Retype, please, the listing from its opening line through the line that contains "Aged Brandy Apple", both included, without the pictures.

◆ ◆ ◆ ◆ ◆

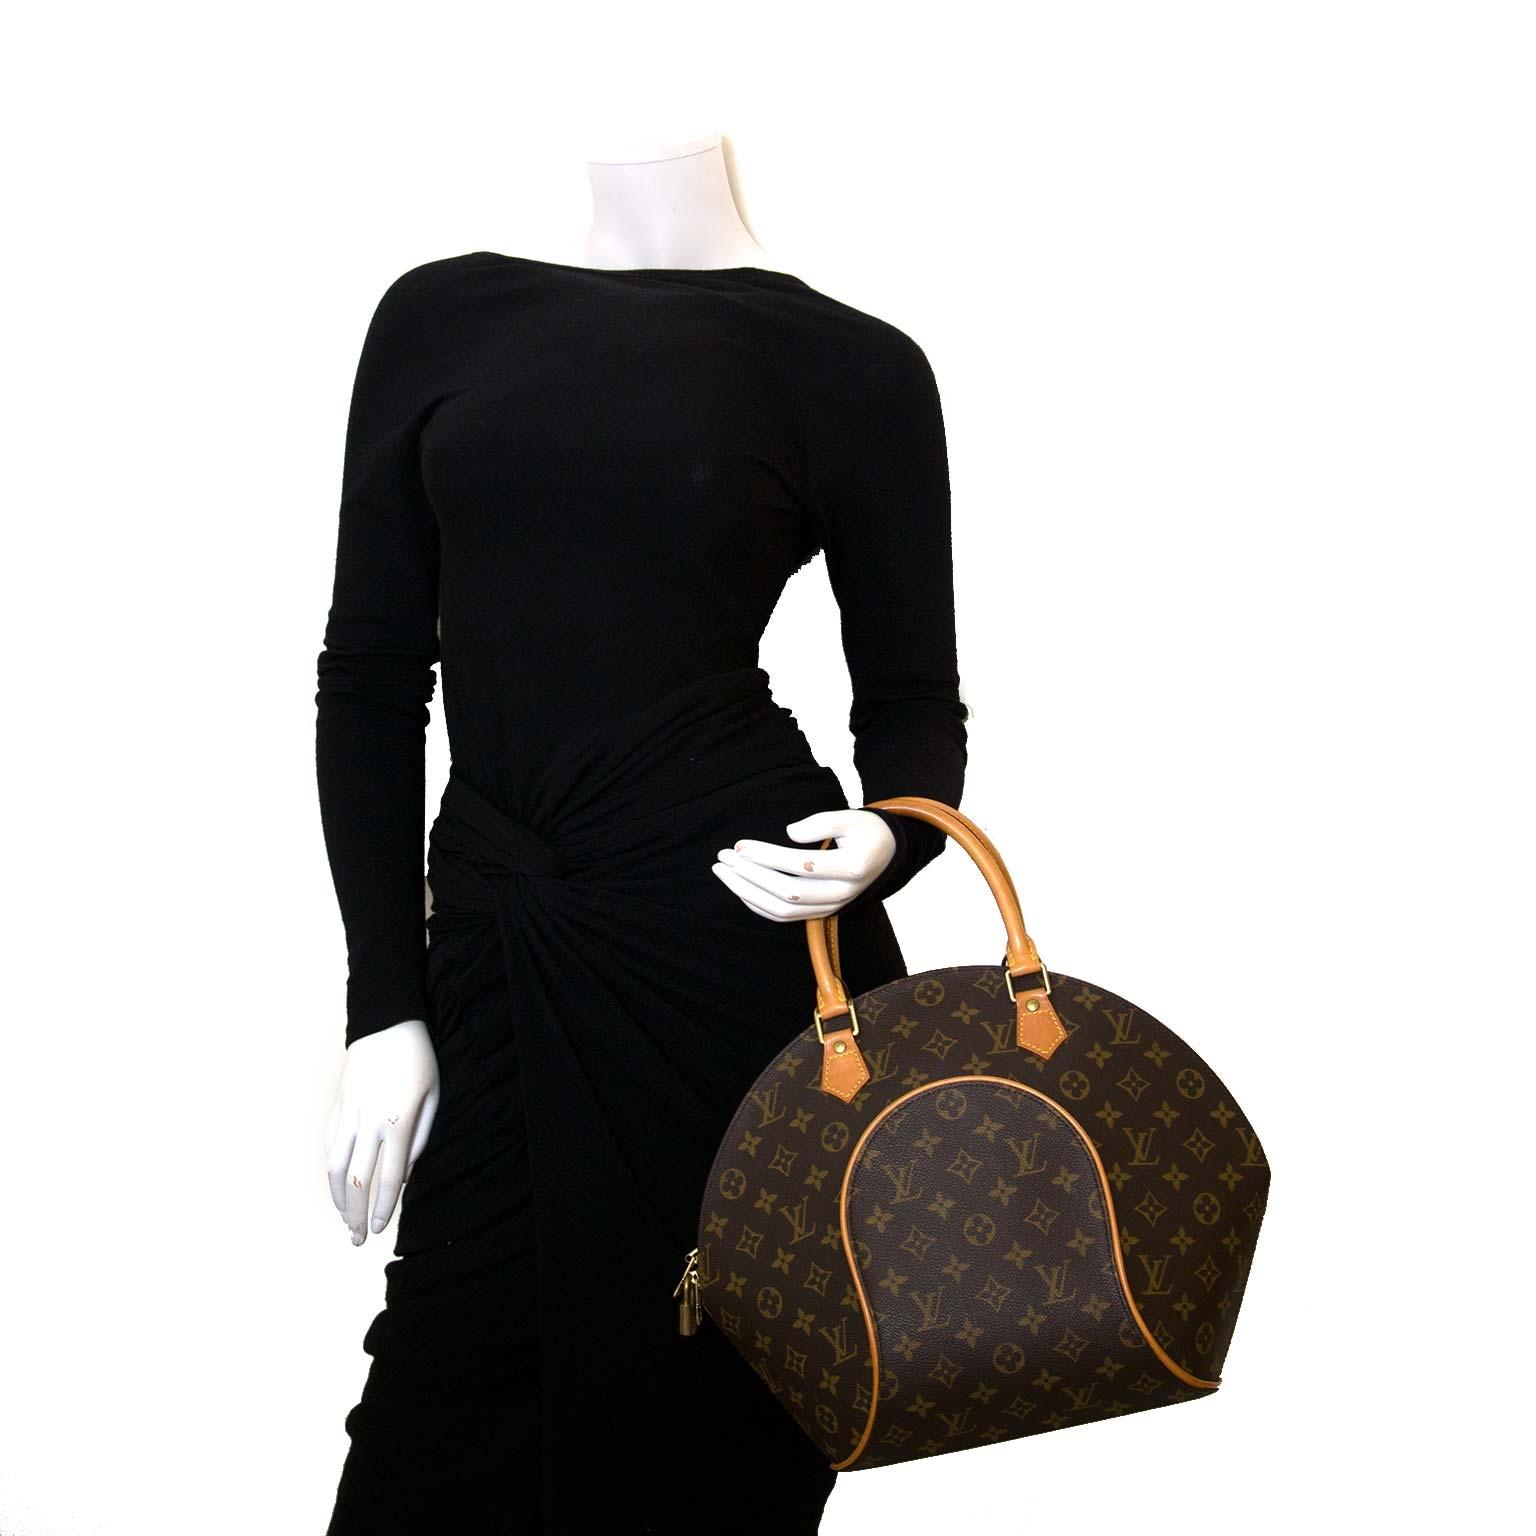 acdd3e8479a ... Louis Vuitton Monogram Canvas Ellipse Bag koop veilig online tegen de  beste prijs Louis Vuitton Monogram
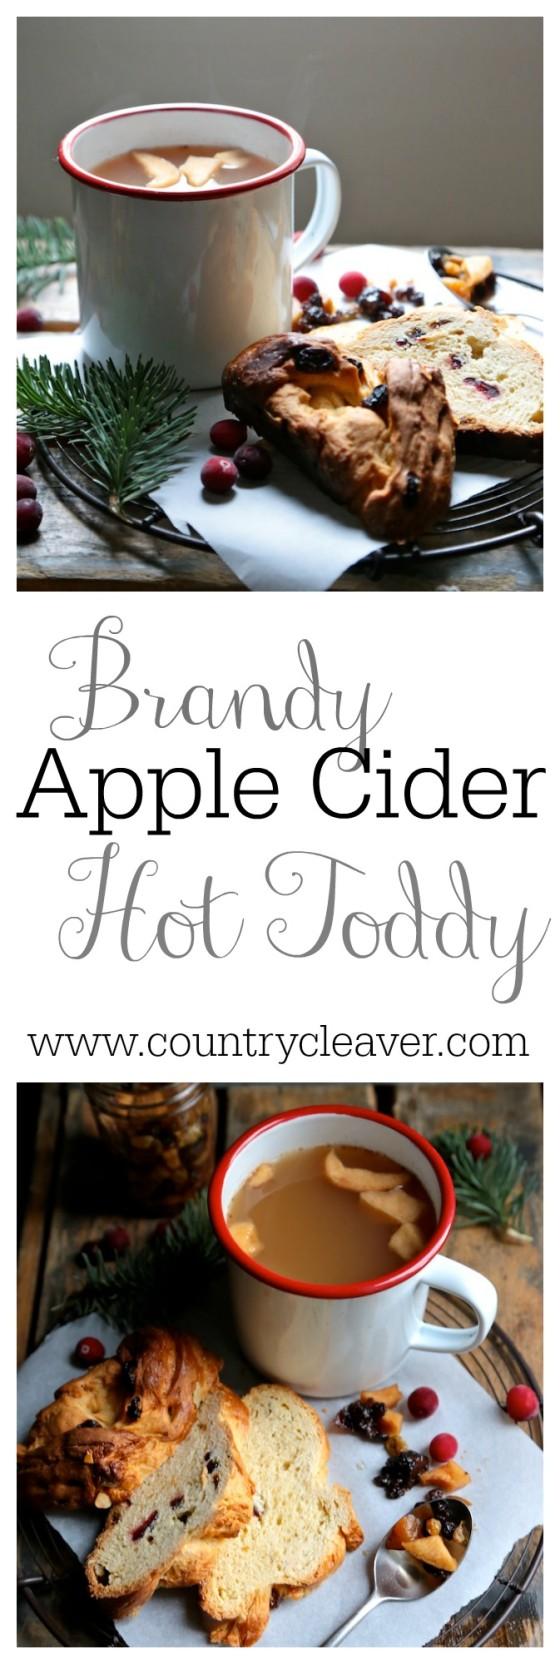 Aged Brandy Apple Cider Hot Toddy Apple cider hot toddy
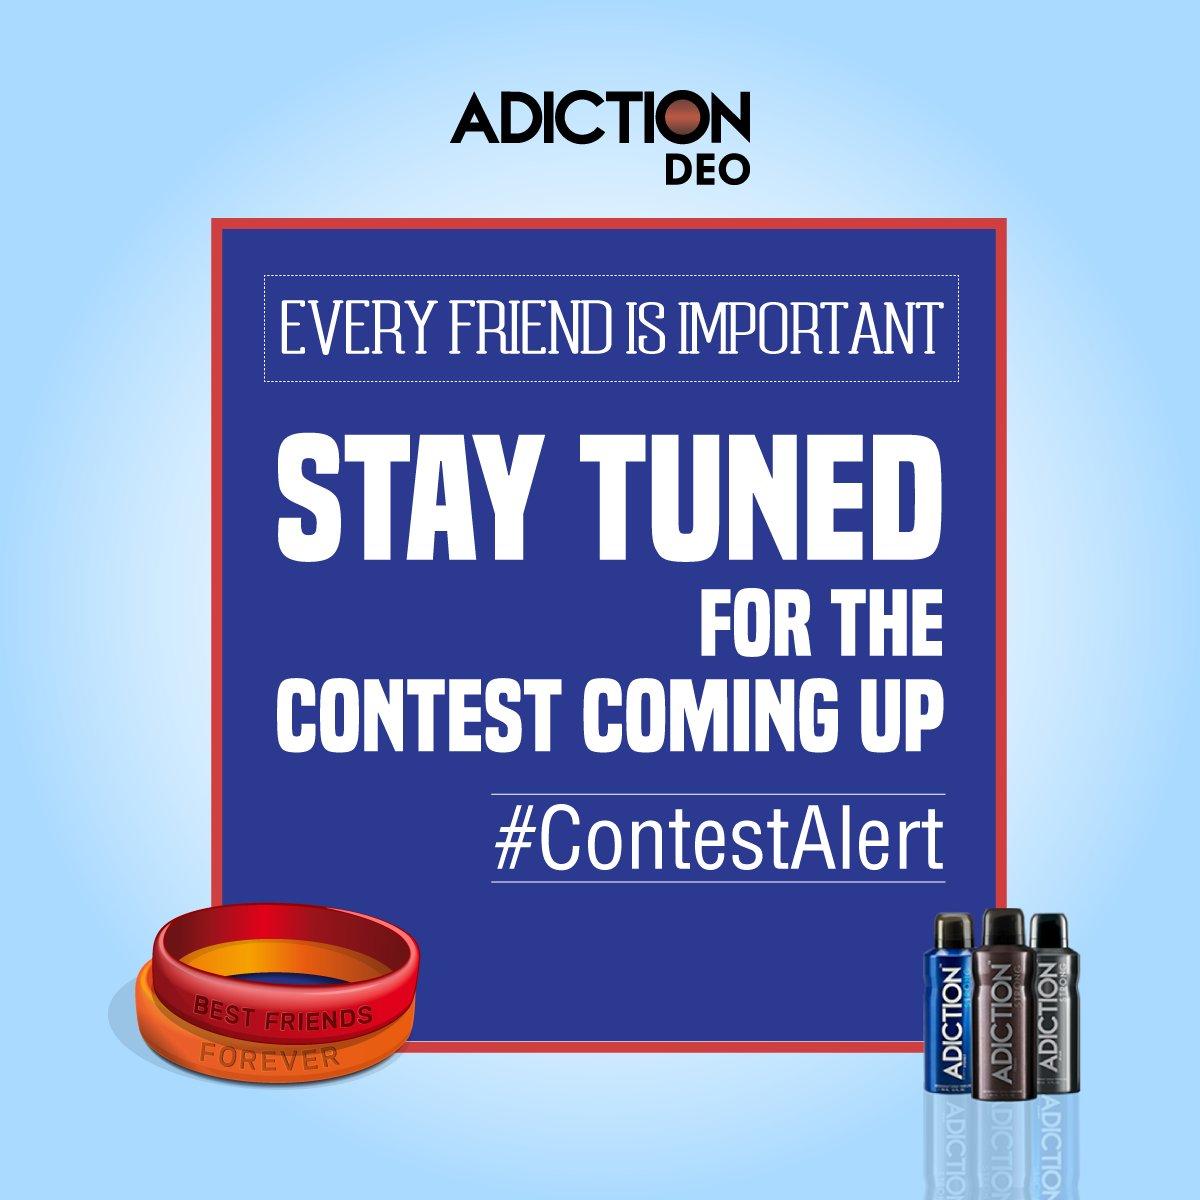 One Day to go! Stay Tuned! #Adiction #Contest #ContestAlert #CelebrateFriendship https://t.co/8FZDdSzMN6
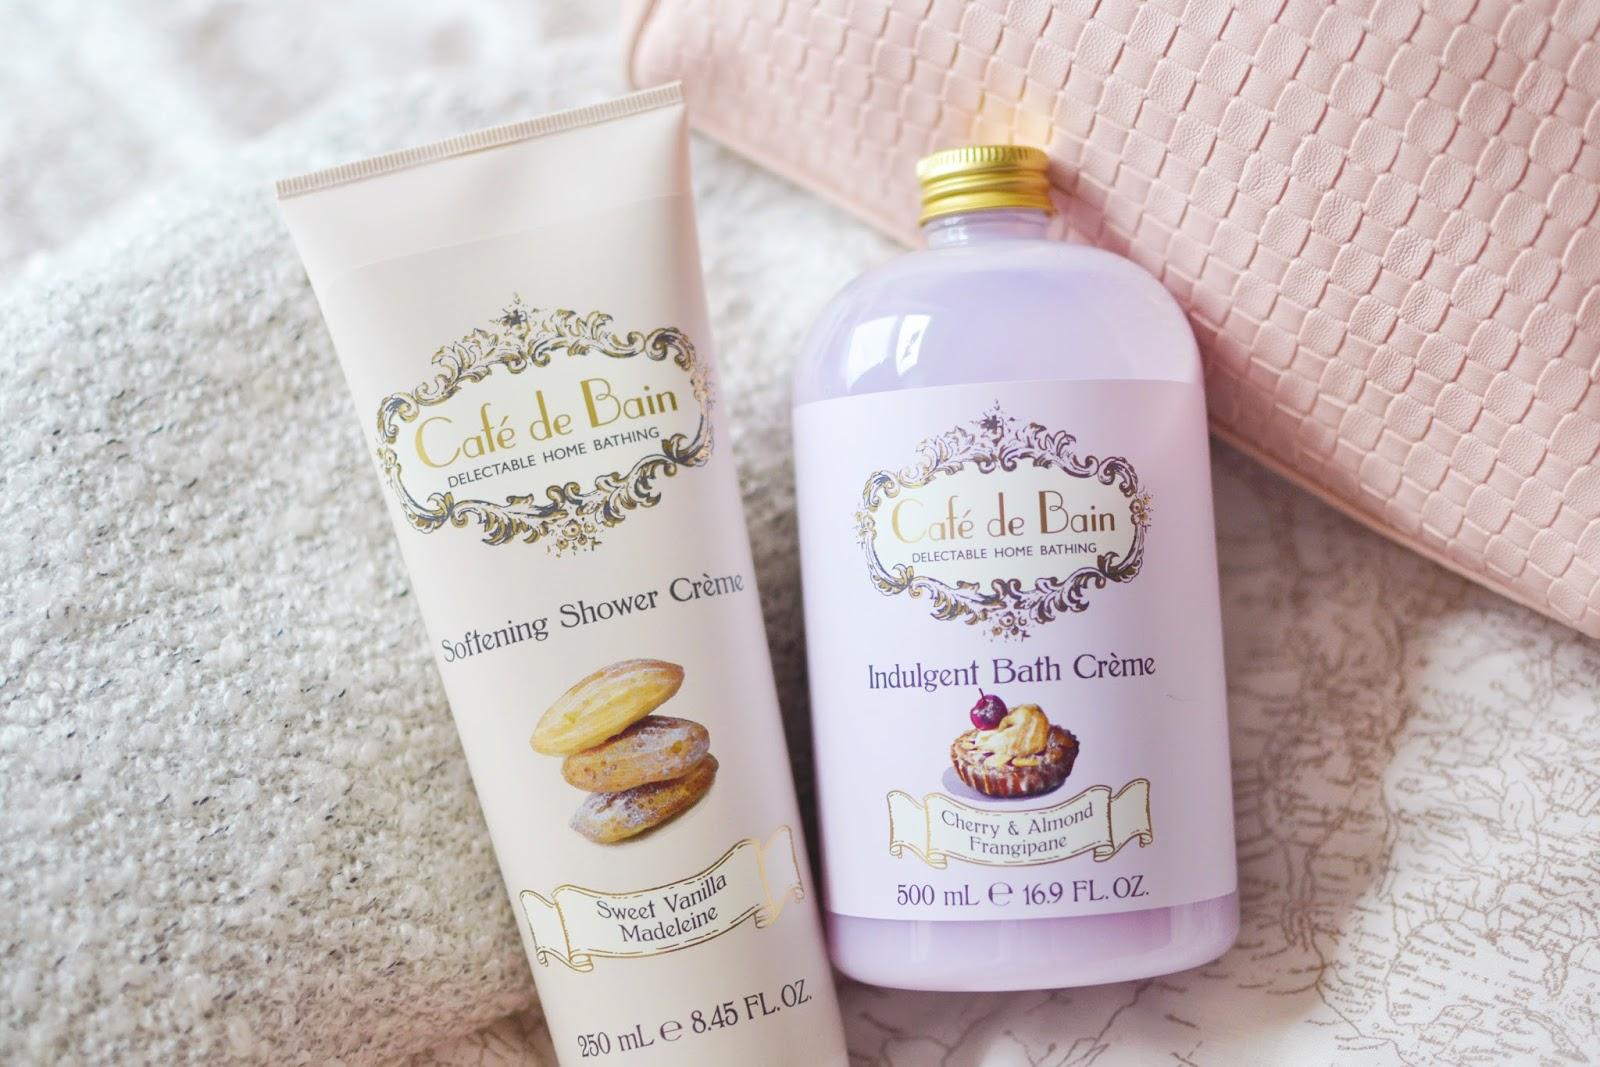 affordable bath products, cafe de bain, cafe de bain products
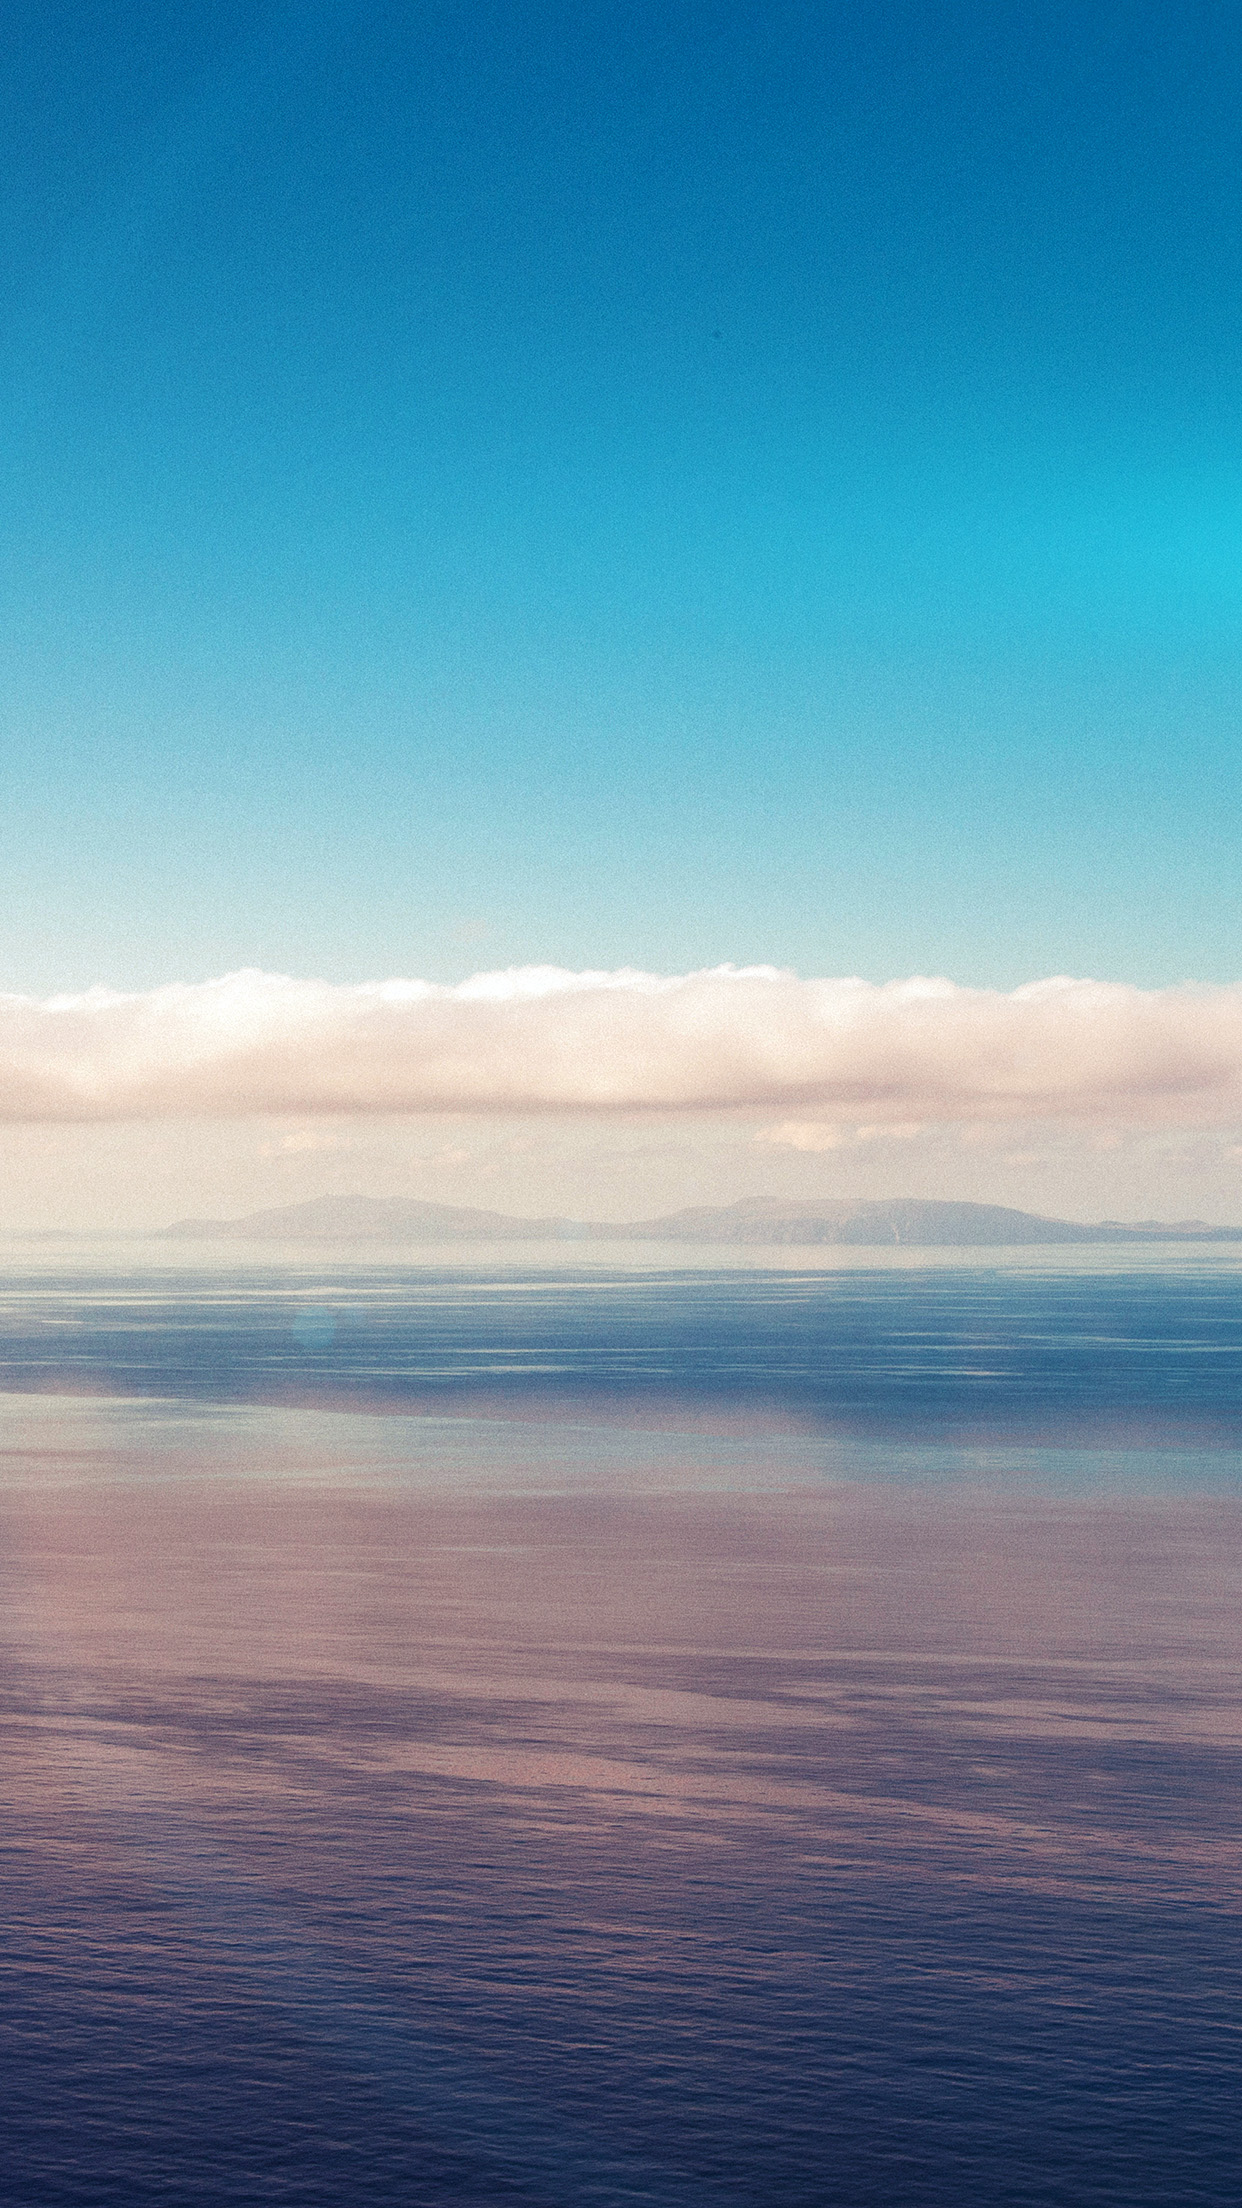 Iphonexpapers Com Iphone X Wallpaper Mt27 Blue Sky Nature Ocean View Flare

◆ ◆ ◆ ◆ ◆

Response below
 acdd3e8479a ... Louis Vuitton Monogram Canvas Ellipse Bag koop veilig online tegen de  beste prijs Louis Vuitton Monogram
 Aged Brandy Apple Cider Hot Toddy Apple cider hot toddy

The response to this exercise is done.